| Task goal |
In the listing below, find the line containing "342 image - Desperate Cry" and the line containing "WINSTONgolf Senior Open", then copy exactly everything from the first through the second, except the pictures.

*** Provided records Section Begins ***

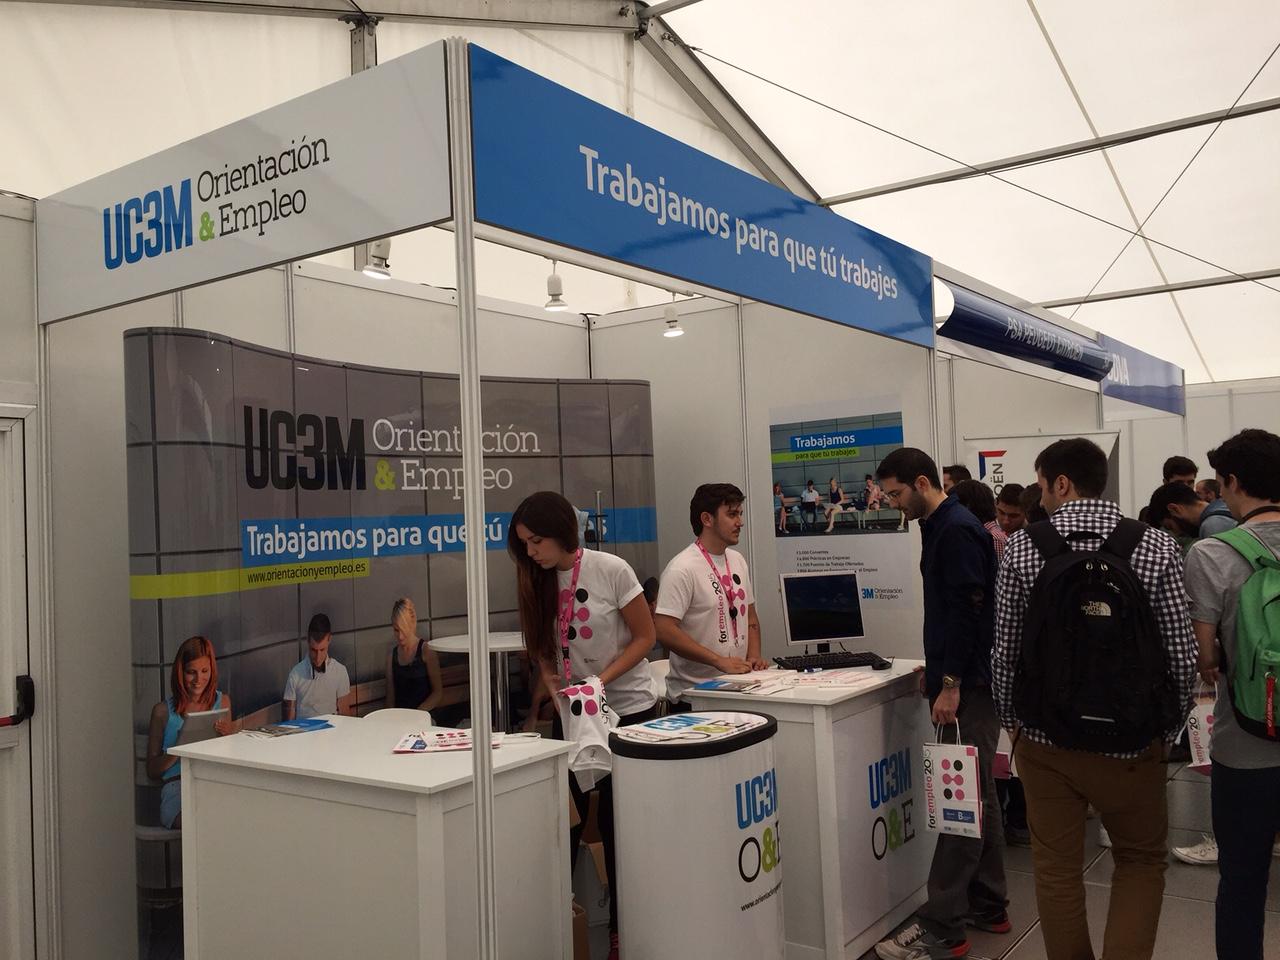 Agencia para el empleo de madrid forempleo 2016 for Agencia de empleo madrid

*** Provided records Section Ends ***
*** Provided records Section Begins ***

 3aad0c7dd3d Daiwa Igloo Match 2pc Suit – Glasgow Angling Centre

*** Provided records Section Ends ***
*** Provided records Section Begins ***

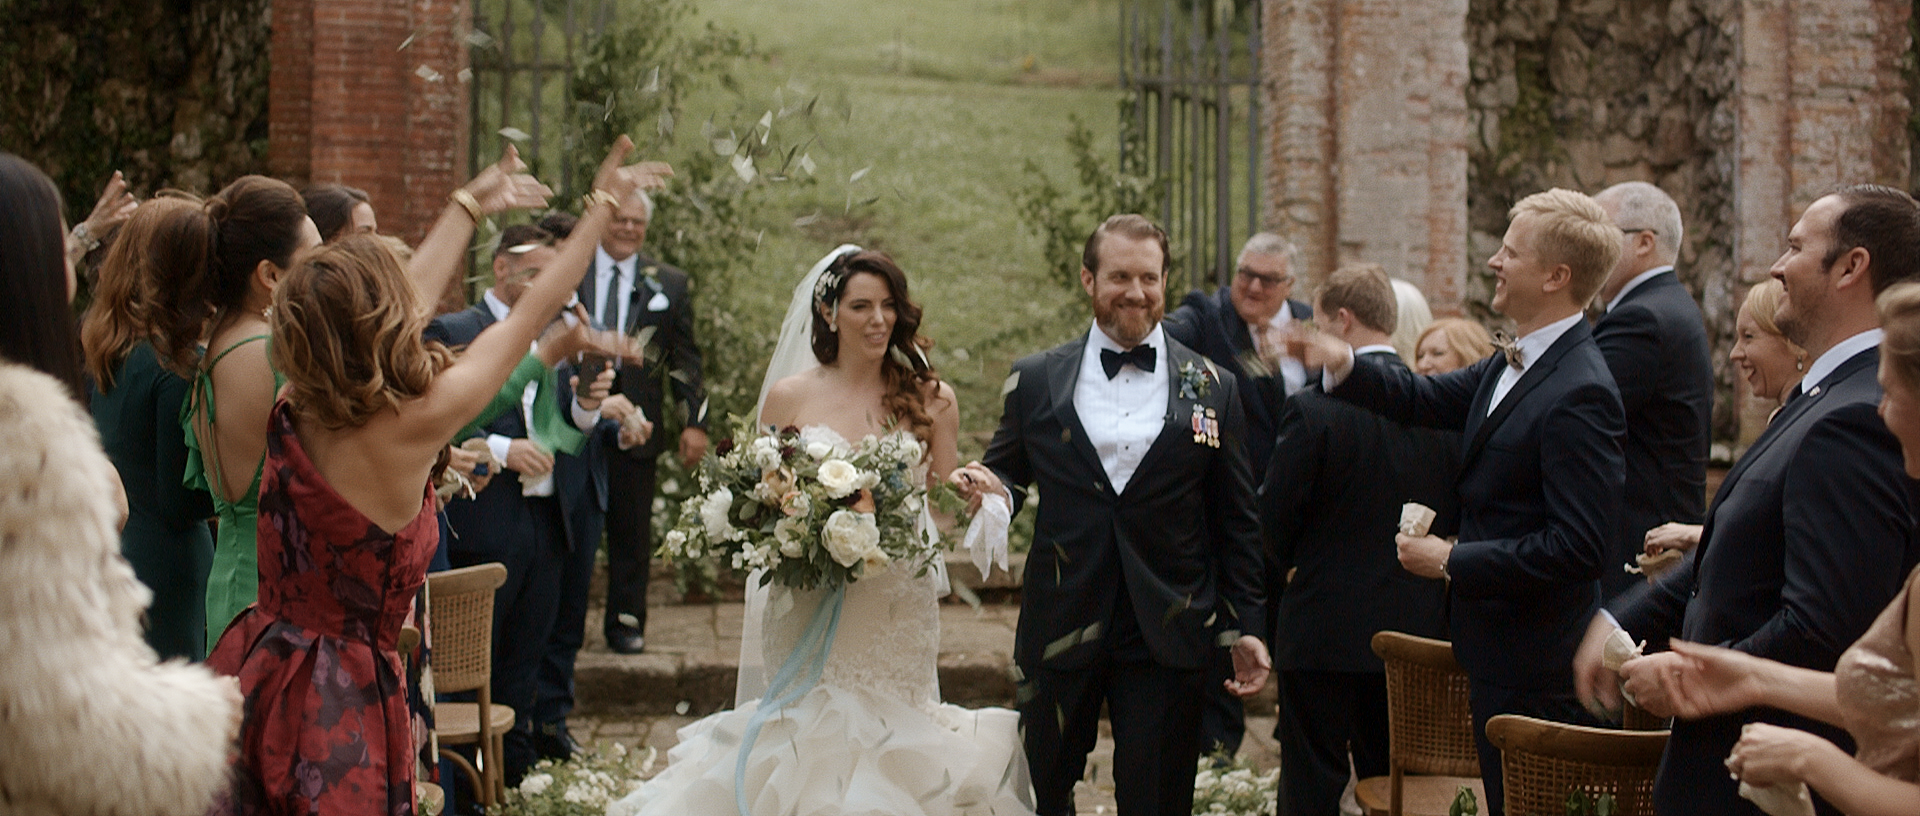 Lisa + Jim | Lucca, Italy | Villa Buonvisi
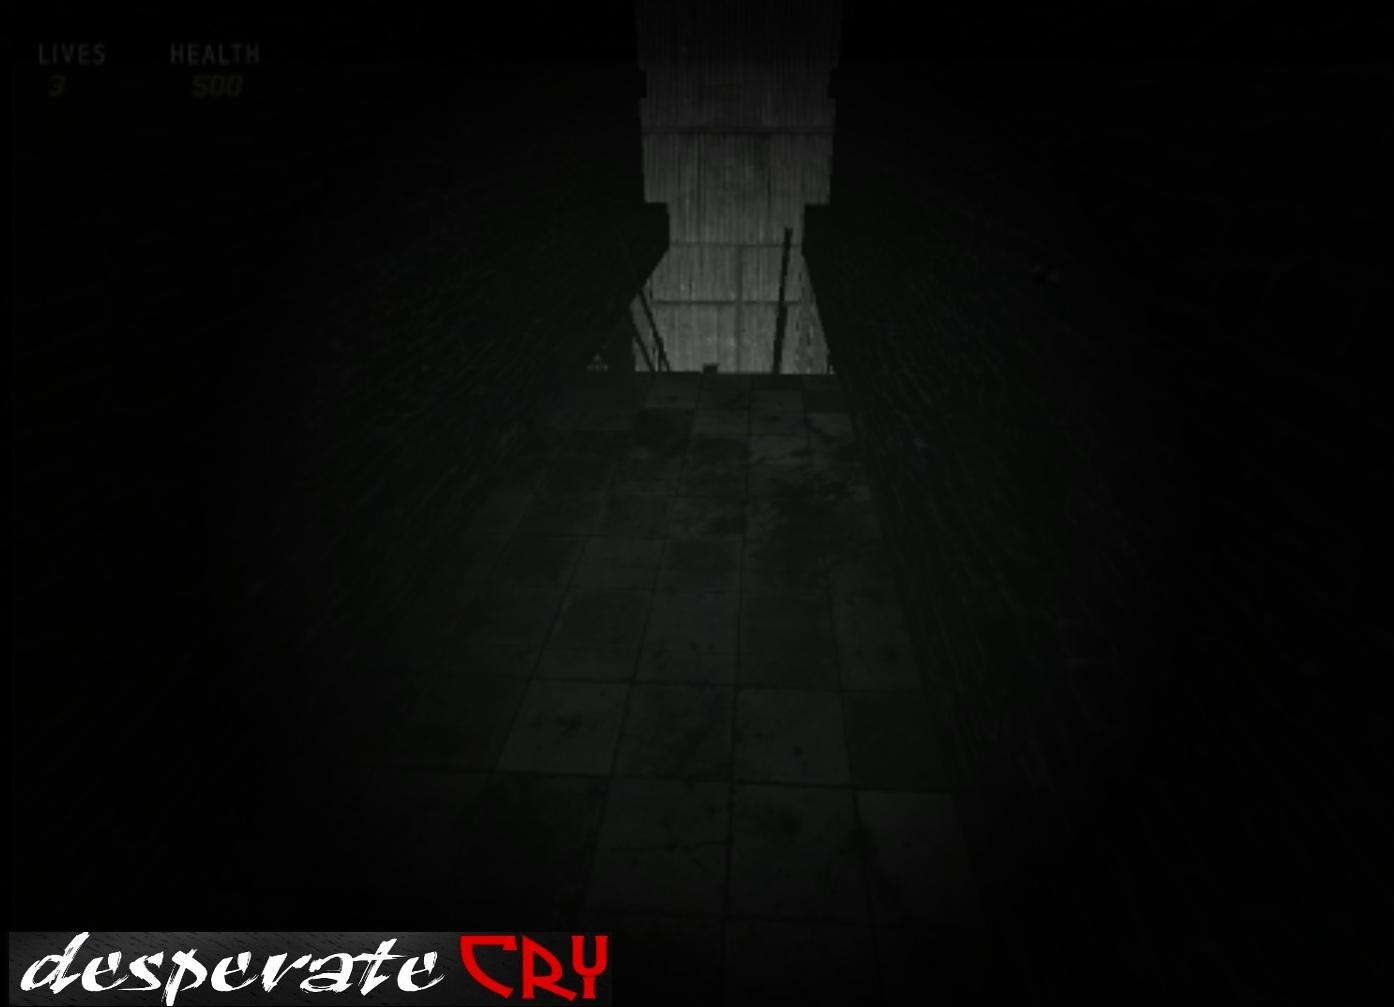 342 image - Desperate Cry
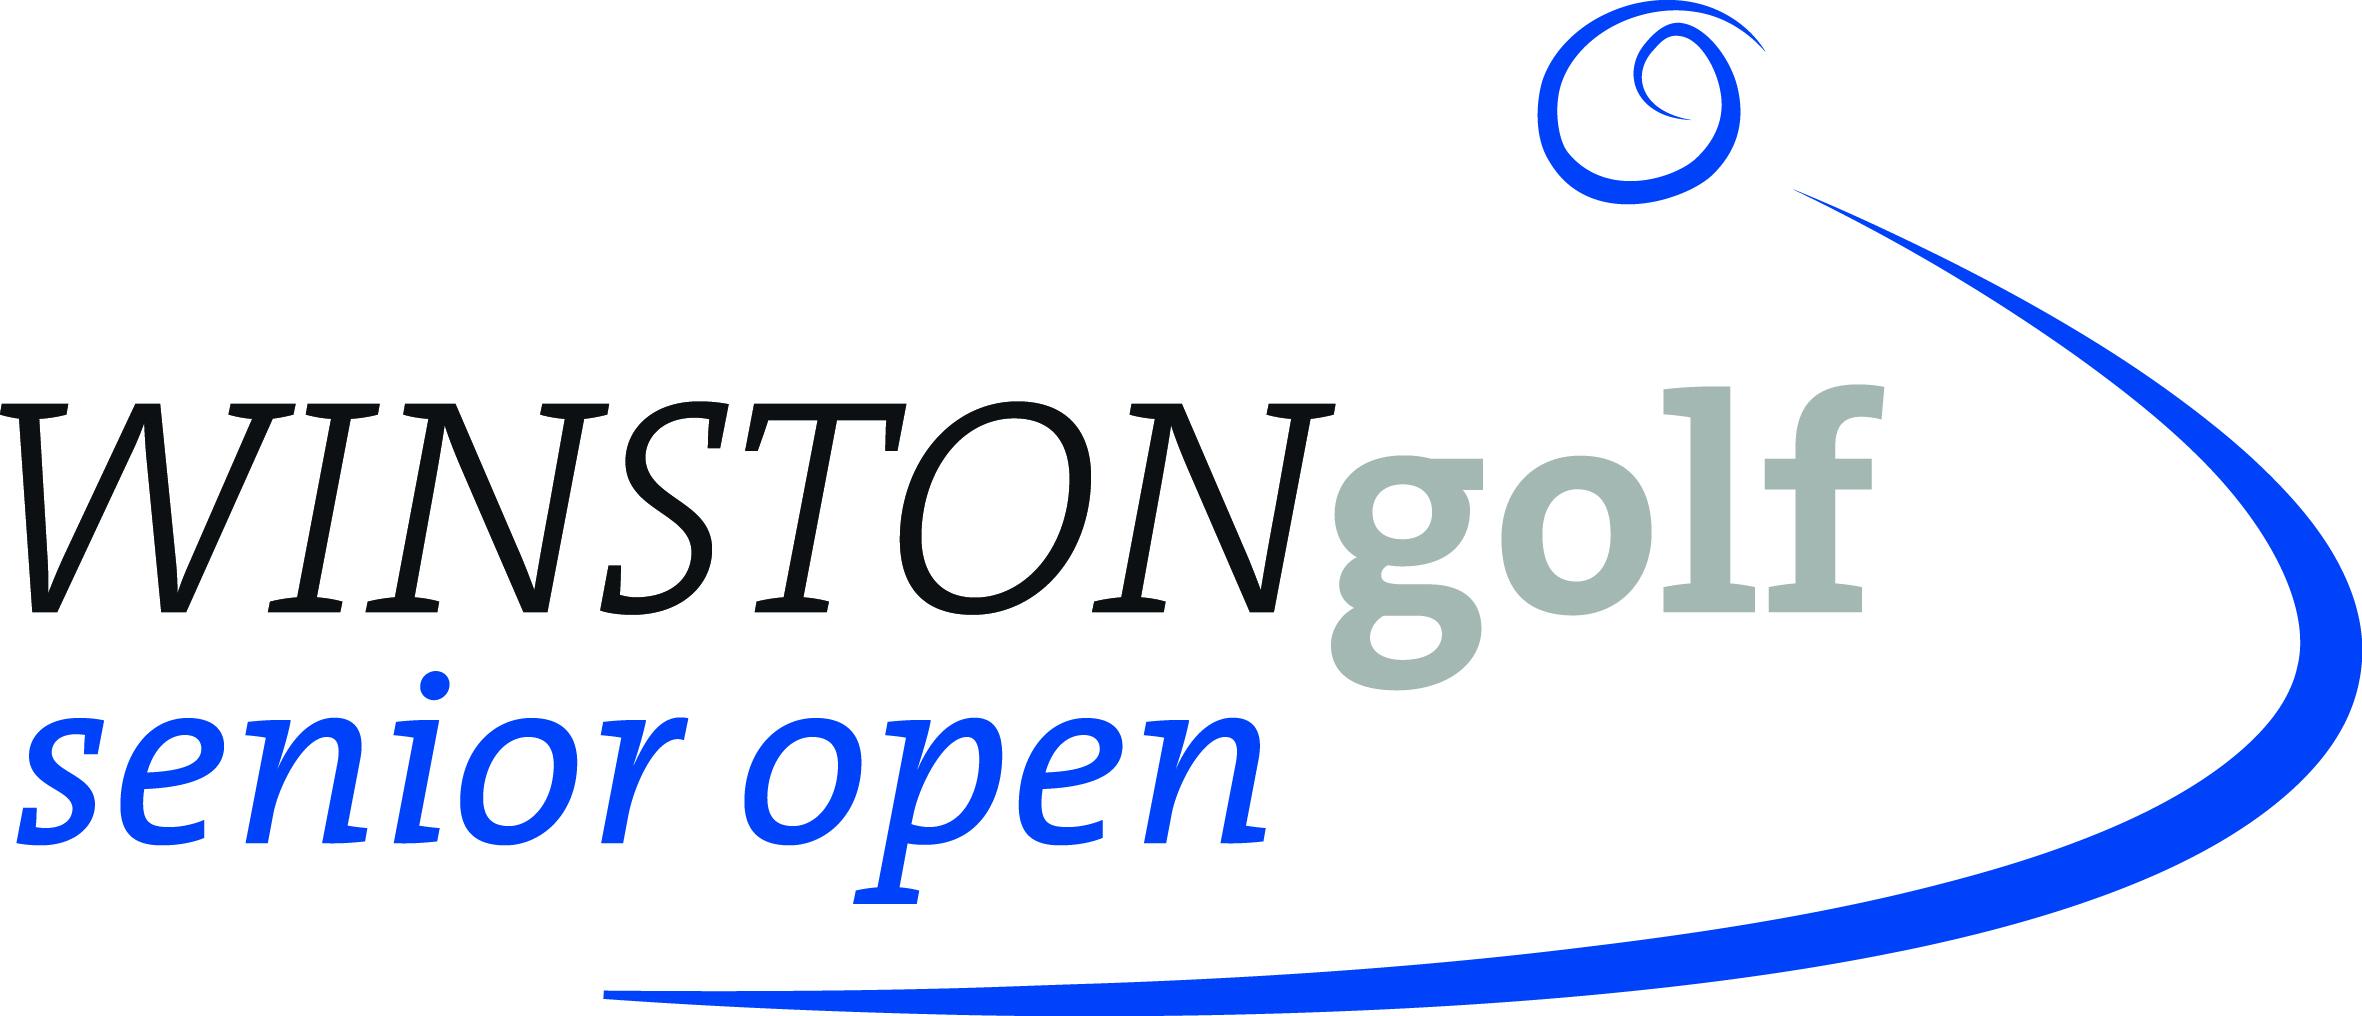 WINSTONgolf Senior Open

*** Provided records Section Ends ***

| Answer to this task |
 342 image - Desperate Cry
 WINSTONgolf Senior Open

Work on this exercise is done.